I'm learning DI with tsyringe. I'm also totally new to the concept of DI.
The following snippet works and the container.resolve(Foo)
properly instantiate the dependencies.
import "reflect-metadata";
import { injectable, container } from "tsyringe";
class Database {
get() {
return "got-stuff-from-database";
}
}
@injectable()
class Foo {
constructor(private database: Database) {}
checkDb() {
return this.database.get();
}
}
const fooInstance = container.resolve(Foo);
console.log(fooInstance.checkDb());
//=> got-stuff-from-database
This is understandable. But the snippet below (mostly taken from their readme) is neither working for me nor I can understand, and nor I can understand why we need inject
when we have the above injectable
decorator. I'm sorry I searched online and found everyone is using it like everyone already know about it.
interface Database {}
@injectable()
class Foo {
constructor(@inject("Database") private database?: Database) {}
checkDb() {
return 'stuff';
}
}
const fooInstance = container.resolve(Foo);
console.log(fooInstance.checkDb());
So the main thing to keep in mind is that tsyringe is a Typescript library. When Typescript gets compiled to Javascript the interfaces are basically not there anymore (like the Database
interface in your example) so the DI magic that happens with the classes can't be done as usual. The documentation explains it like so:
Interfaces don't have type information at runtime, so we need to decorate them with @inject(...) so the container knows how to resolve them.

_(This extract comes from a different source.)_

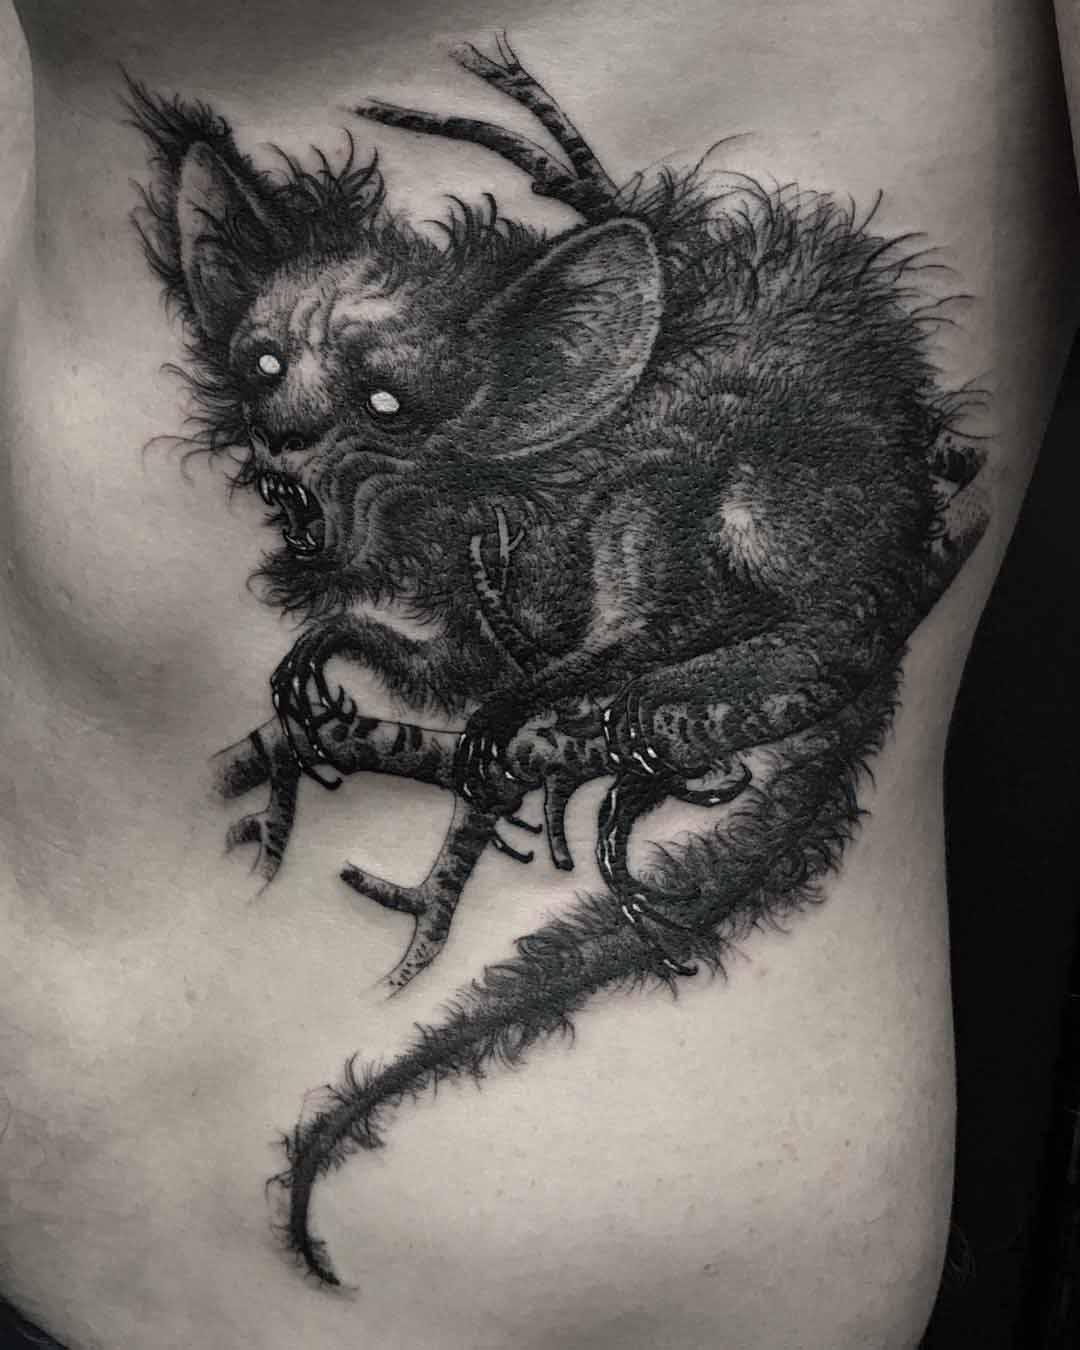 rib tattoo chupacabra monster
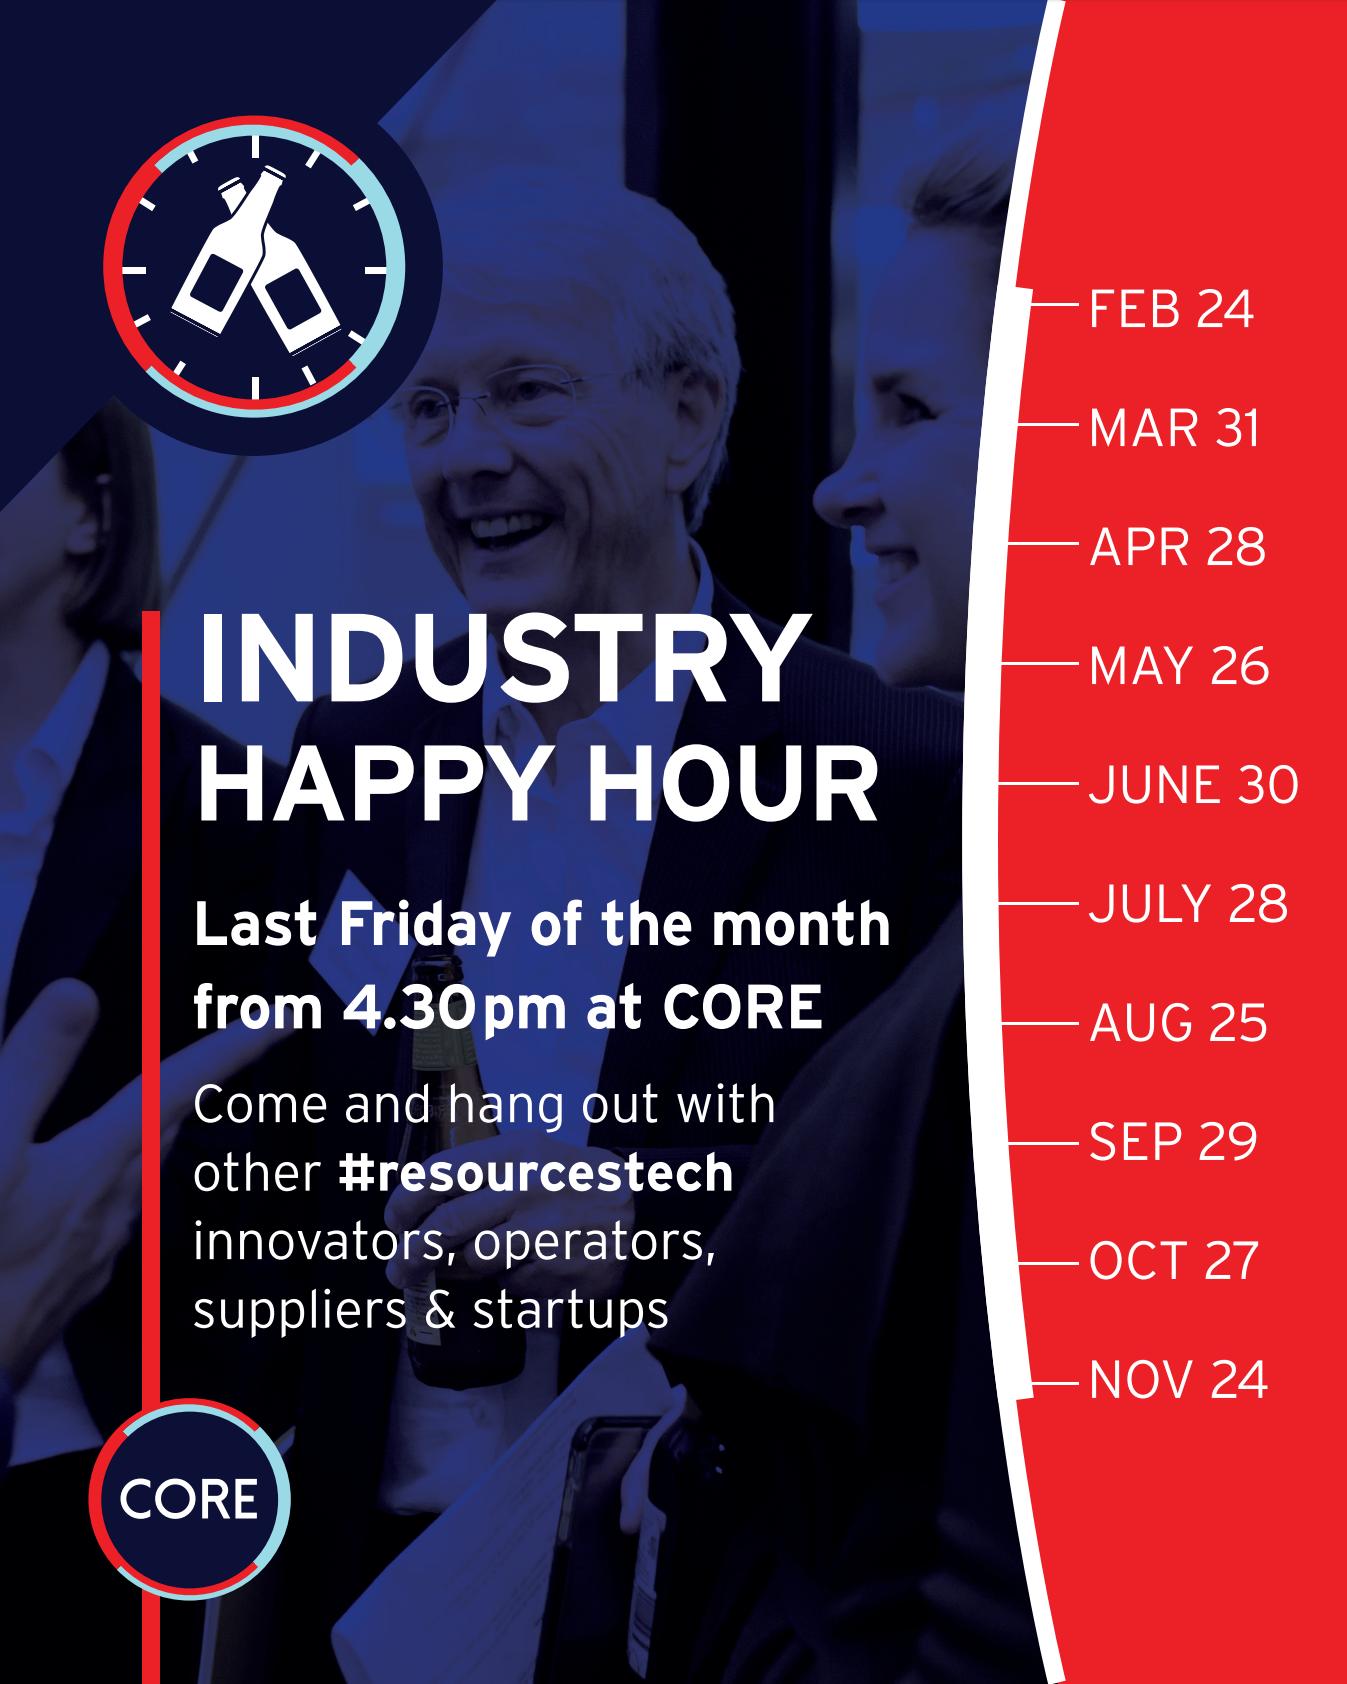 core-industry-happy-hour

The reason it's still not working for you is because you have only told the DI framework that it has to look for an instance of something registered under the token "Database"
but there is actually nothing registered there. So to make it work you still need to tell tsyringe that "Database"
has a class or instance associated to it like so:
container.register("Database", {
useClass: SomeDatabaseImplementation
});
Note that you still would have to create said implementation because you can't instantiate interfaces. For deeper understanding I would recommend having a look at the source code of the library, it's fairly simple to understand and gives you a much better understanding of the inner workings.